[x86] matmulnbit x64 kernel for 8bits (#24491)
### Description
Add 8bits support for matmulnbits on x86
__AVX512 VNNI__
| M | N | K | 8-bit Time (ns) | 4-bit Time (ns) | Slow down (8-bit /
4-bit) |
|:-----:|:-------:|:-------:|:----------------:|:----------------:|:------------------------:|
| 1 | 4096 | 4096 | 34145 | 27723 | **1.23×** |
| 1 | 11008 | 4096 | 415285 | 68656 | **6.05×** |
| 1 | 4096 | 11008 | 407801 | 68061 | **5.99×** |
| 1 | 11008 | 11008 | 2674538 | 1003532 | **2.67×** |
| 4096 | 4096 | 4096 | 80338759 | 86321713 | **0.93×** |
| 4096 | 11008 | 4096 | 213421935 | 225245276 | **0.95×** |
| 4096 | 4096 | 11008 | 240164365 | 228966953 | **1.05×** |
| 4096 | 11008 | 11008 | 628352046 | 596738340 | **1.05×** |
__AVX512__
| M | N | K | 8-bit Time (ns) | 4-bit Time (ns) | Slow down (8-bit /
4-bit) |
|:-----:|:-------:|:-------:|:----------------:|:----------------:|:------------------------:|
| 1 | 4096 | 4096 | 53324 | 37882 | **1.41×** |
| 1 | 11008 | 4096 | 244560 | 103255 | **2.37×** |
| 1 | 4096 | 11008 | 435131 | 95734 | **4.55×** |
| 1 | 11008 | 11008 | 2790710 | 1075216 | **2.60×** |
| 4096 | 4096 | 4096 | 200629000 | 132841540 | **1.51×** |
| 4096 | 11008 | 4096 | 532141914 | 350613184 | **1.52×** |
| 4096 | 4096 | 11008 | 544011977 | 351679619 | **1.55×** |
| 4096 | 11008 | 11008 | 1421865147 | 925593210 | **1.54×** |
Token generation is bottlenecked at memory access. 8b model's 2x size is
major reason of token generation slow down.

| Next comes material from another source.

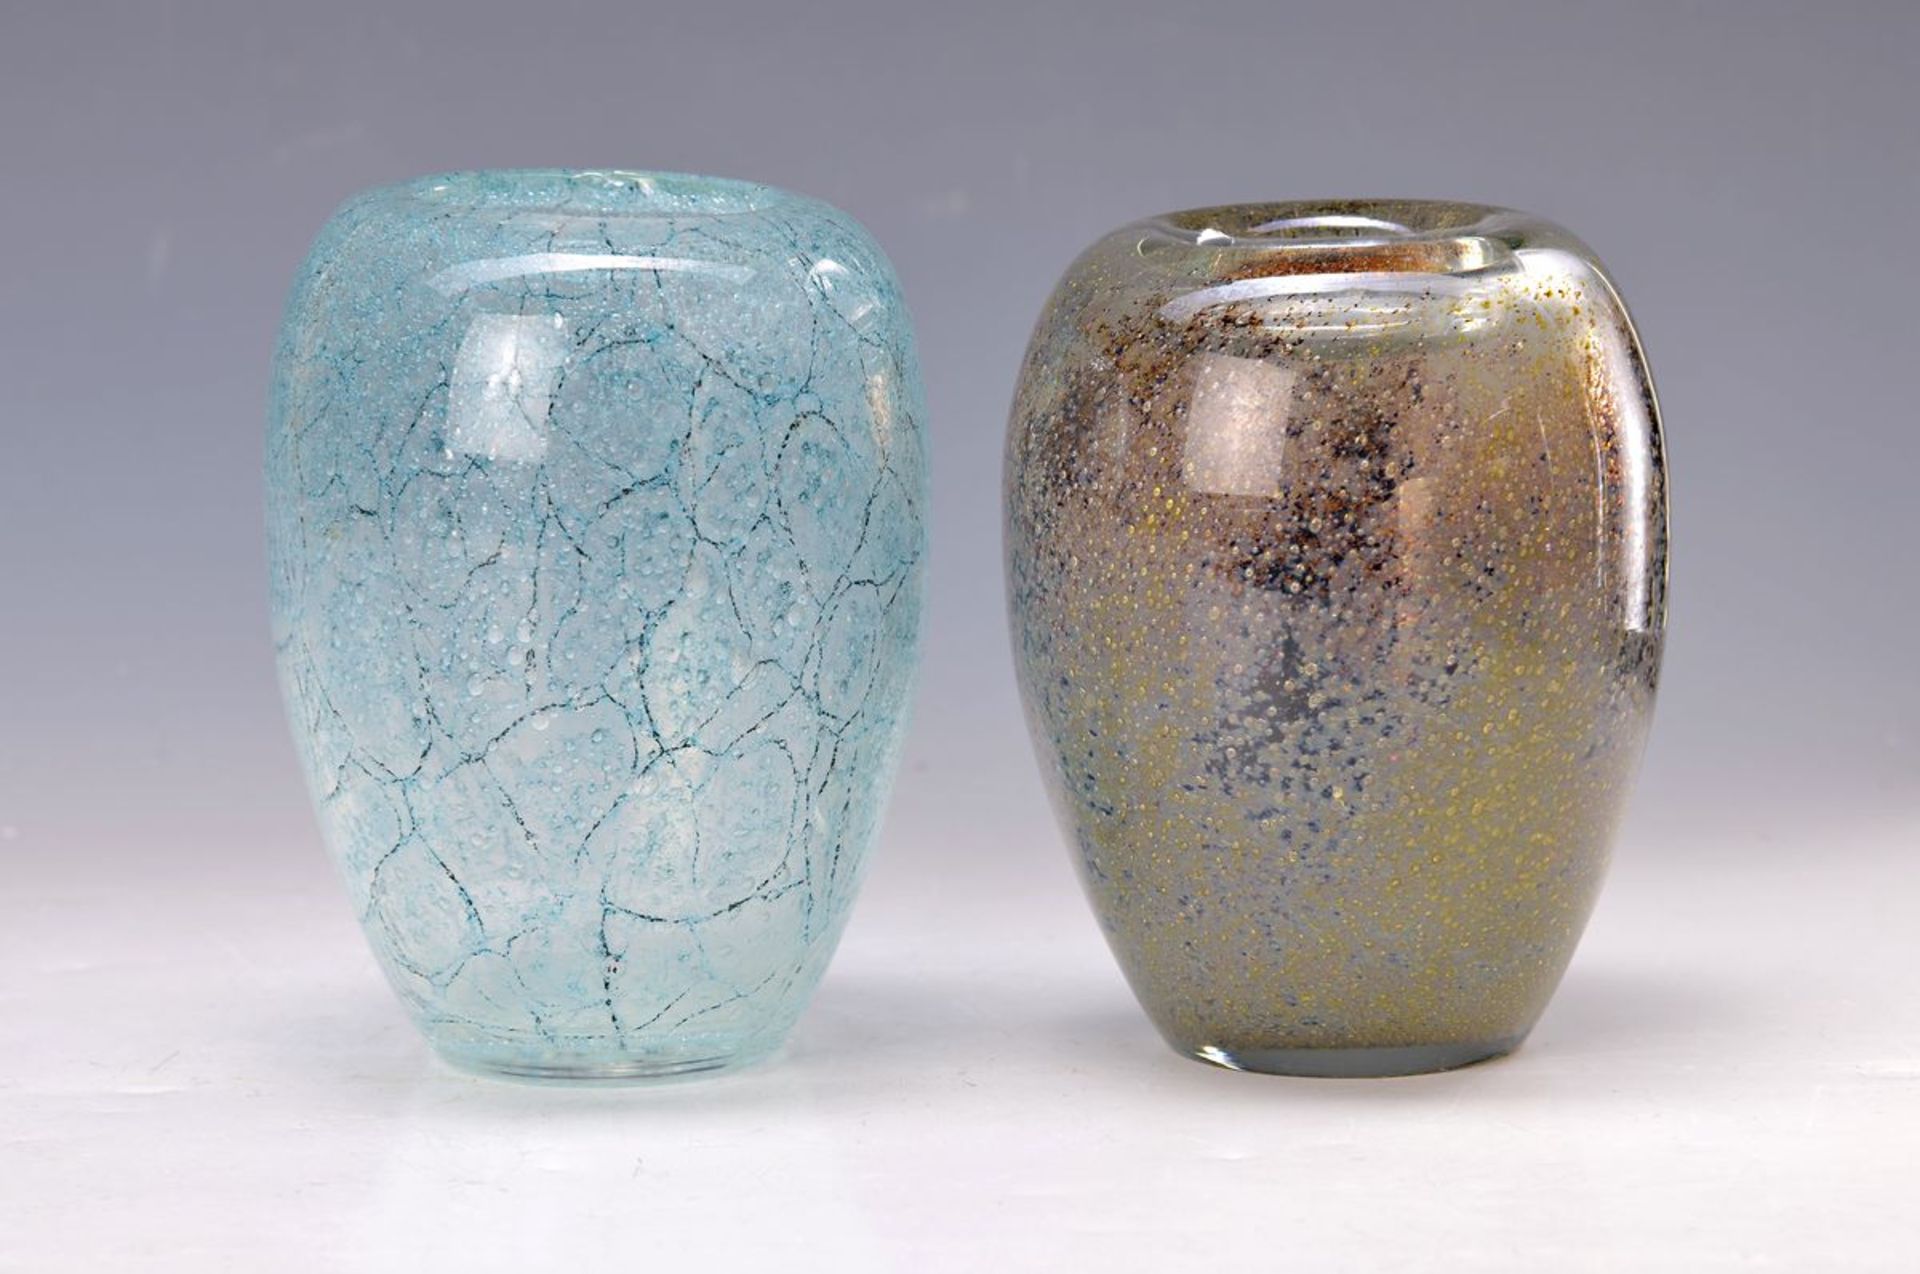 Zwei Vasen, deutsch, WMF, Entwurf Walter Dexel 1937, eiförmiger Glaskorpus, stark blasiges Glas,
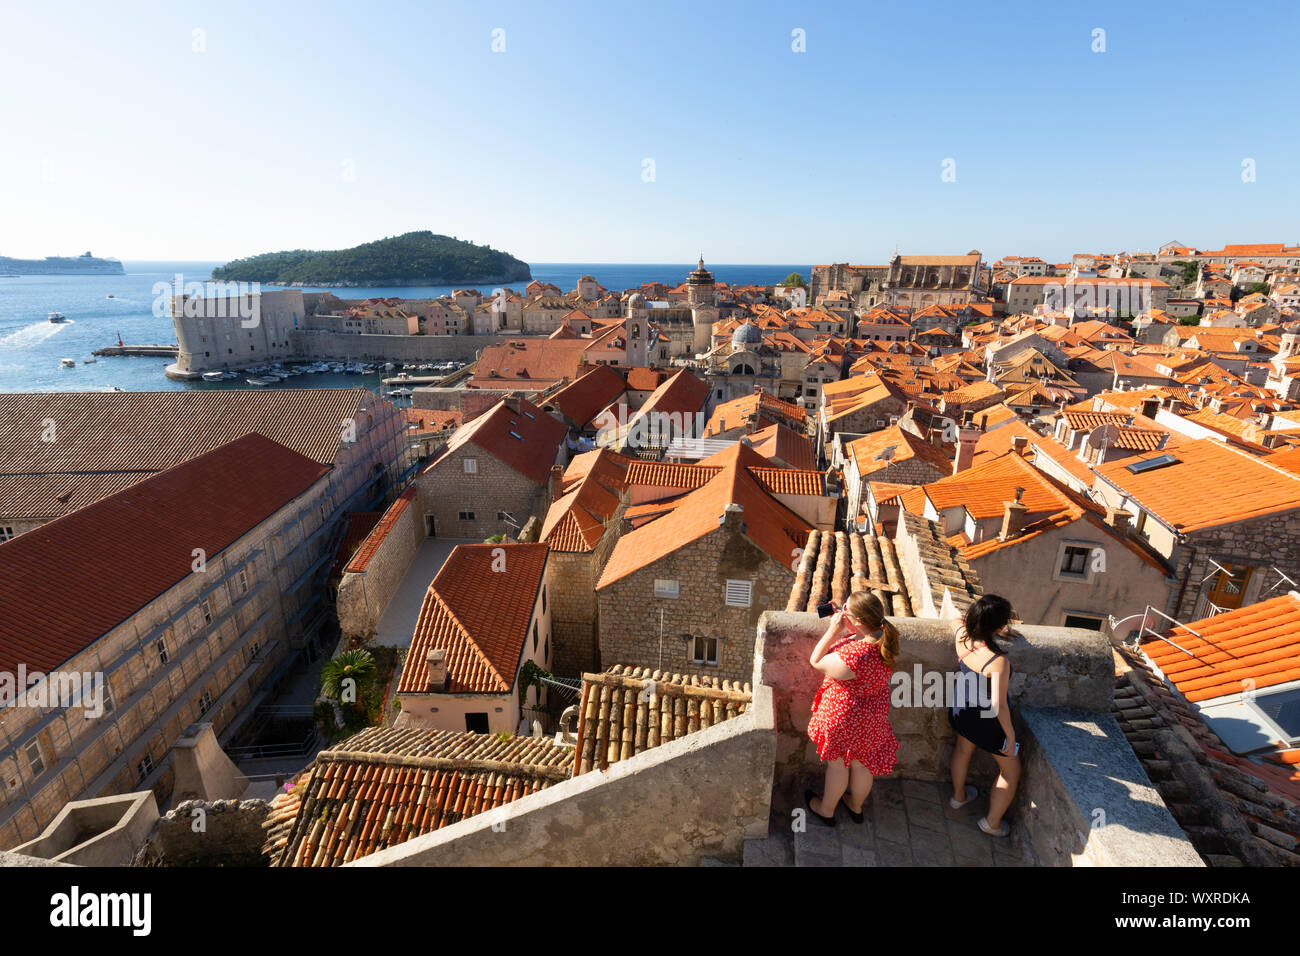 Les touristes de Dubrovnik ; deux femmes autour des murs de la ville, Stari Grad aka la vieille ville de Dubrovnik classée au patrimoine mondial de l'UNESCO, Dubrovnik Croatie Europe Banque D'Images

For non-vnni platform, the i16 cannot fit in 4 i8. To avoid overflow
extra instructions are needed. This is the major reason of non-vnni slow
down.
### Motivation and Context
MatMul4Bits model has repetition issue. 6b model resolved this issue.